Would you retype the listing word for word, skipping its pictures?

→ **INFORMATION SUPPLIED**
== Segment start ==
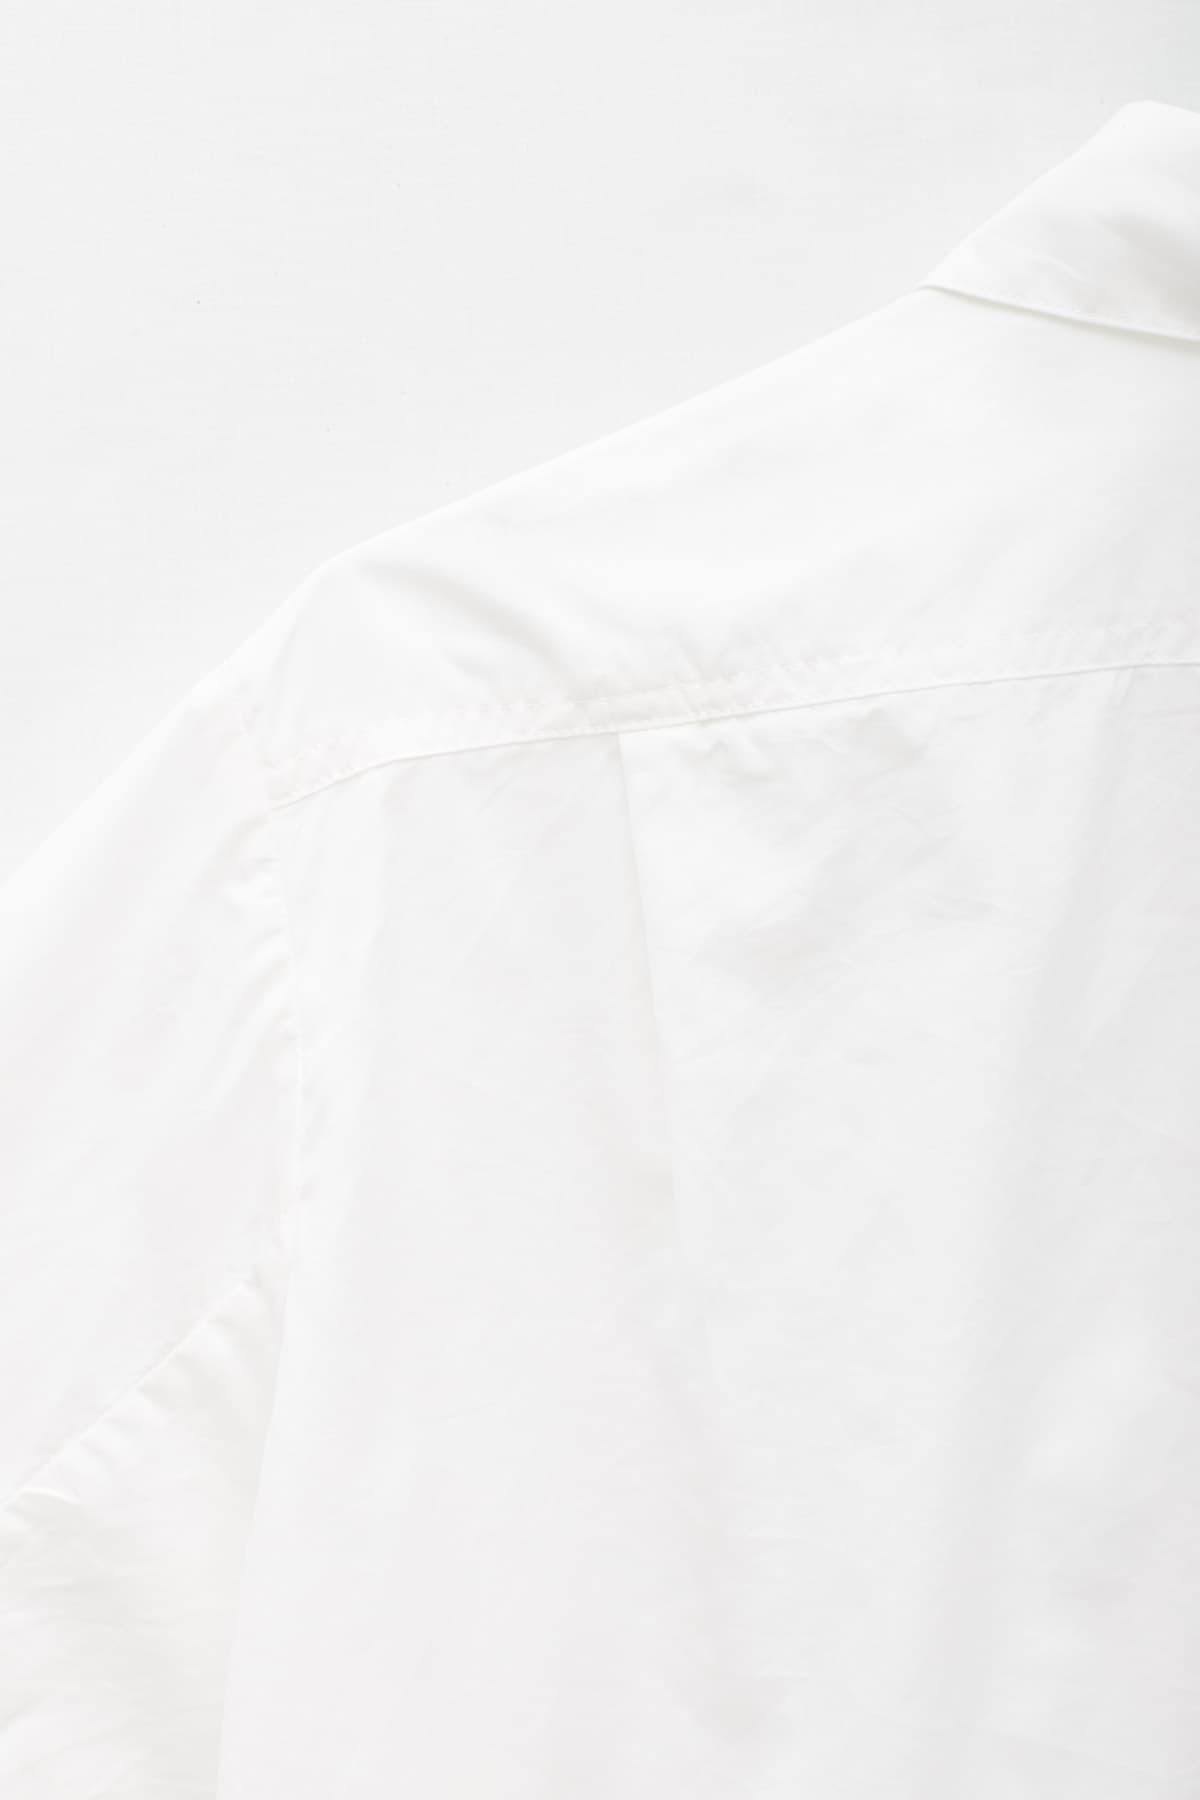 Shop Our Legacy Black Box 6TEEN6TYSIX T-Shirt
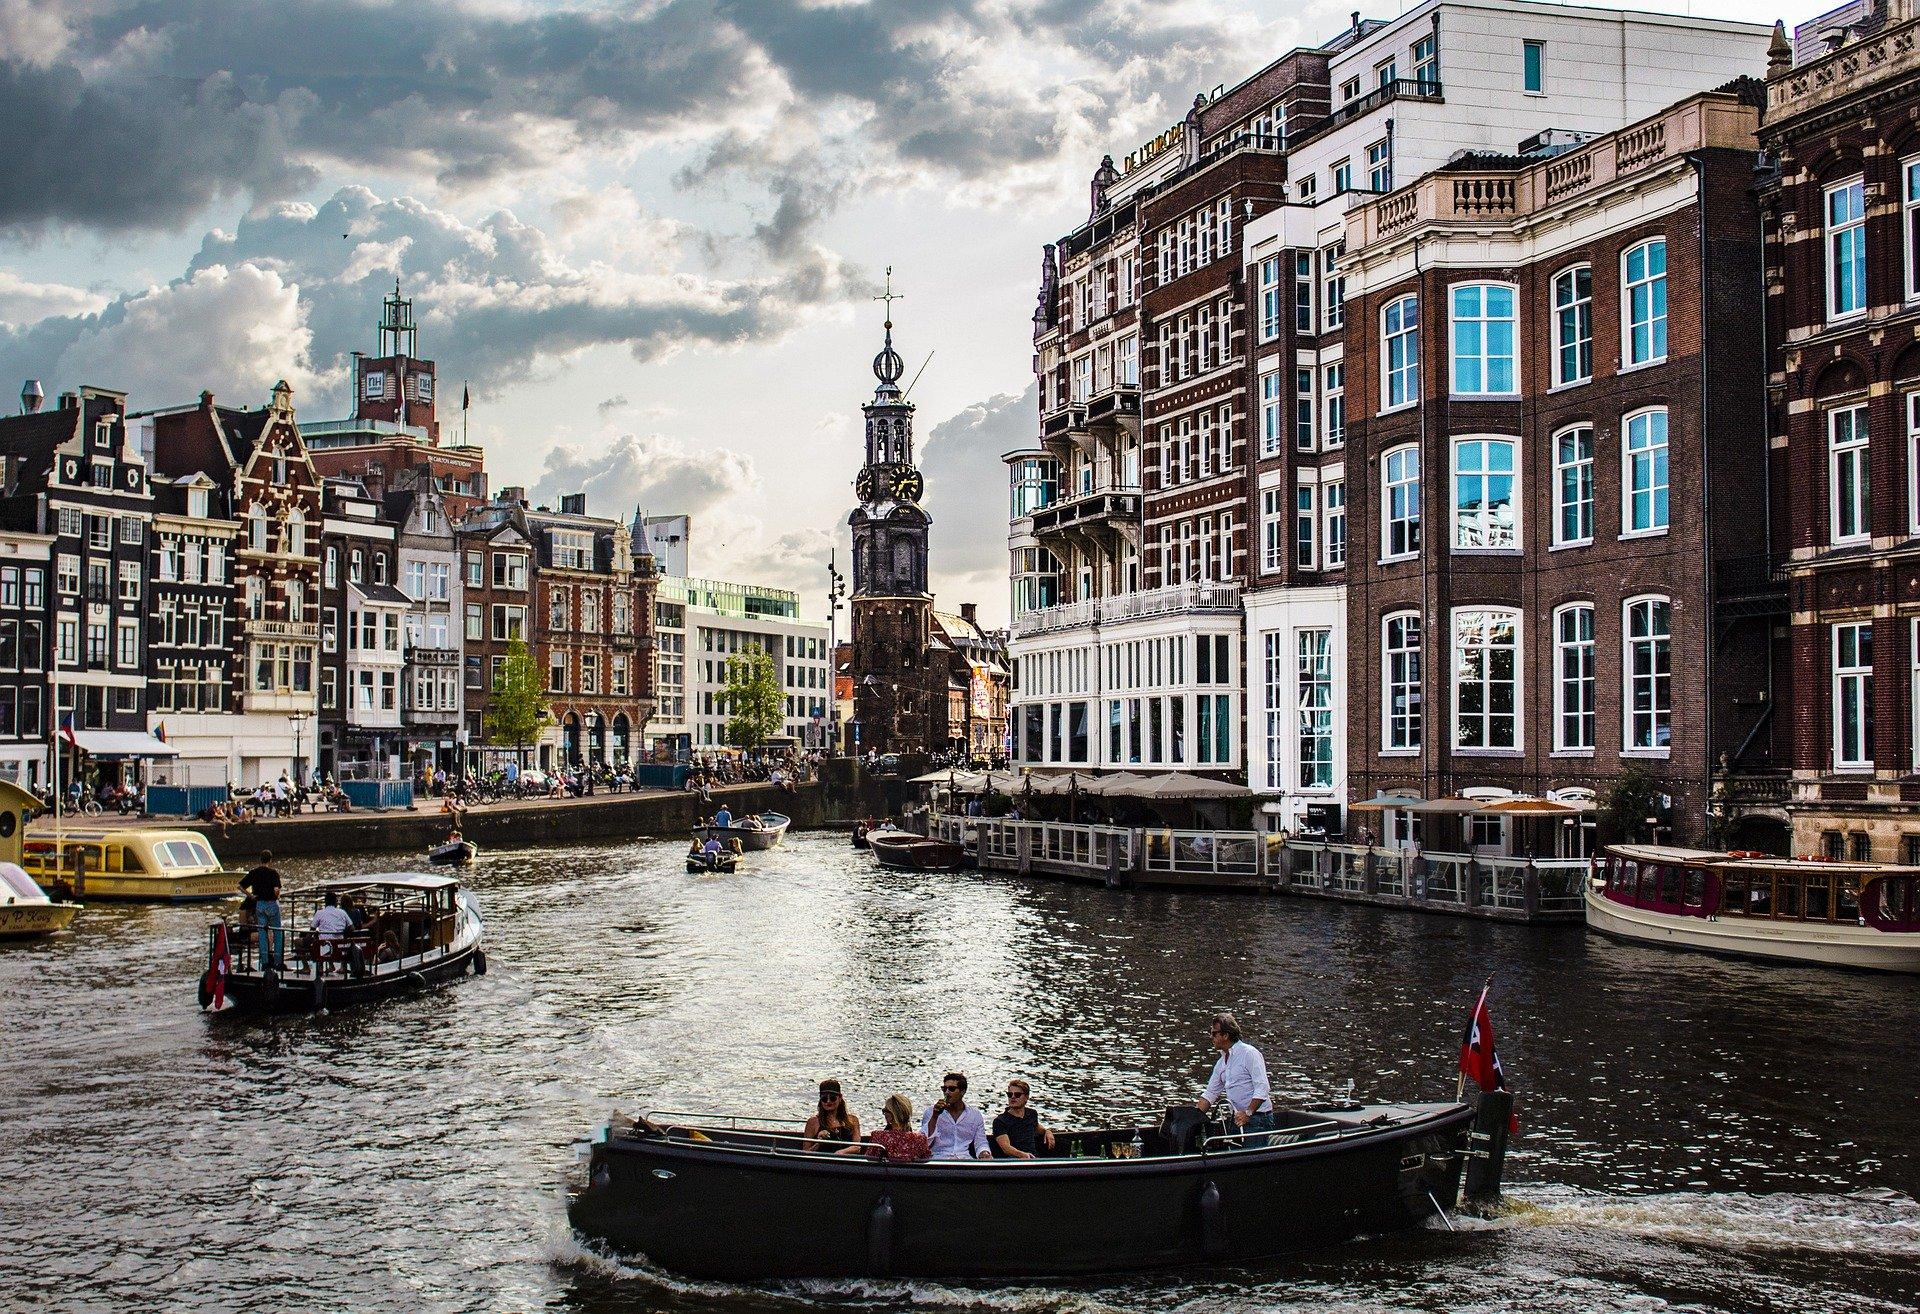 Tipy na výlet v Amsterdamu
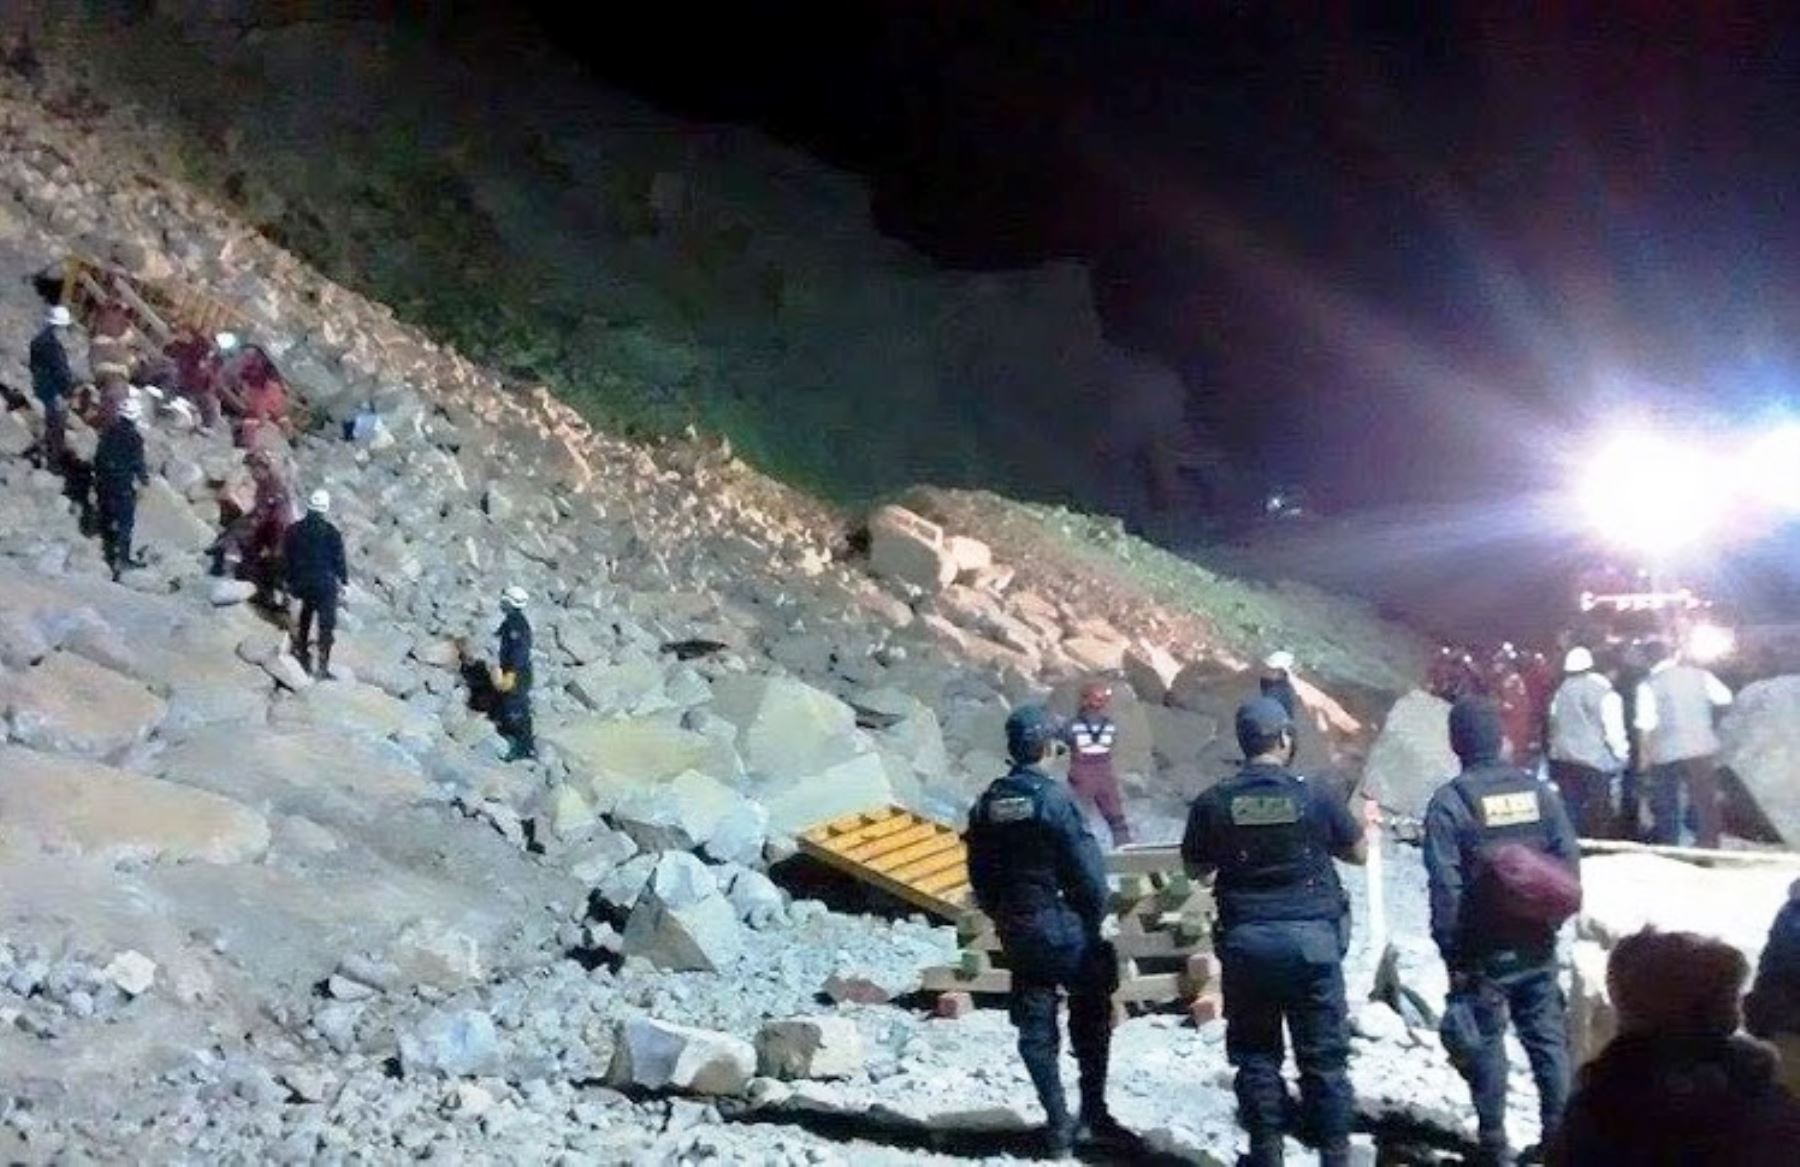 Indeci confirma que el derrumbe que sepultó a una miniván dejó 6 muertos. Foto: Huachoenlínea.
== Segment end ==
→ **RESULT OF THE TASK**
 Shop Our Legacy Black Box 6TEEN6TYSIX T-Shirt
 Tipy na výlet v Amsterdamu
 Indeci confirma que el derrumbe que sepultó a una miniván dejó 6 muertos. Foto: Huachoenlínea.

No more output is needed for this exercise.